It's given that $a \in \mathbb{R}$ with $a > 0$ and $0<x_1<\frac{1}{a}$. The sequence $(x_n)_{n\in\mathbb{N}}$ is defined by $x_{n+1} = 2x_n-ax^2_n.$ Now, I first proved by induction that $x_n < \frac{1}{n}$ for all $n \in \mathbb{N}$. Then I was wondering, if it is enough to just show that $x_{n+1} = 2x_n-ax^2_n > 2x_n – \frac{1}{x_n}x^2_n = 2x_n-x_n = x_n$ to fully prove that $ x_{n+1} > x_n$ for all $n \in \mathbb{N}$ and therefore $(x_n)_{n\in\mathbb{N}}$ is monotonically increasing? Thanks for any corrections or tips, I'm just not sure if I might be missing something.

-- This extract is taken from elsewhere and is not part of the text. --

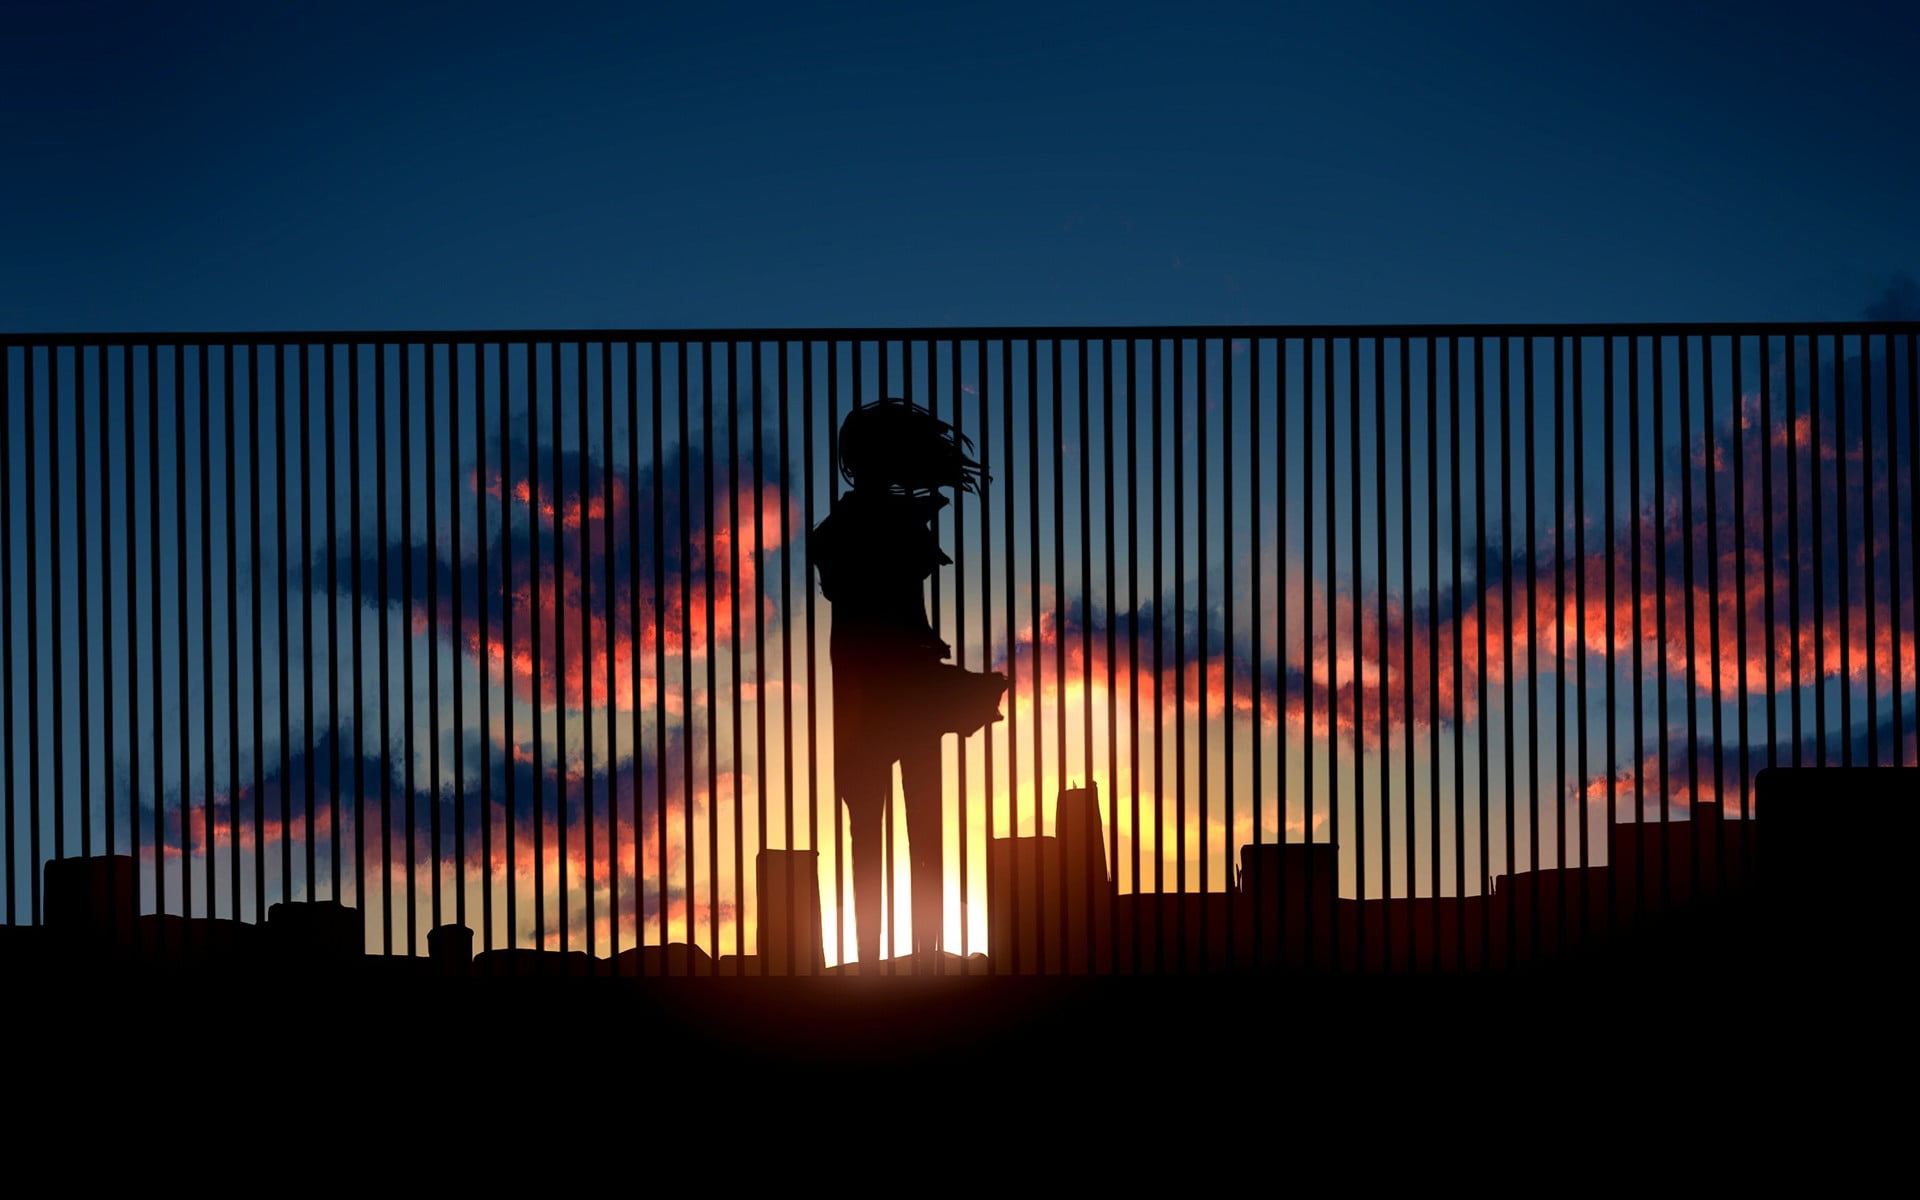 woman standing silhouette, silhouette of woman near fence, anime

Show that a sequence is monotonically increasing.
calculusinductionsequences-and-series
Best Answer
You have to justify the inequality $x_n(2-ax_n) <\frac 1 a (2-\frac 1 a a)$. To prove this consider the function $f(t)=t(2-at)$ defined on $(0,\frac 1 a)$. Since $f'(t)=2-2at>0$ for all $t$ in the domain of $f$ this function is increasing. Since $t(2-at)=\frac 1 a$ when $t=\frac 1 a$ it follows (by looking at the extension of $f$ to $(0,\frac 1 a]$) that $f(t) <\frac 1 a$ for all $t$. So if we assume that $x_n <\frac 1 a$ we can take $t=x_n$ to see that $x_{n+1}<\frac 1 a$.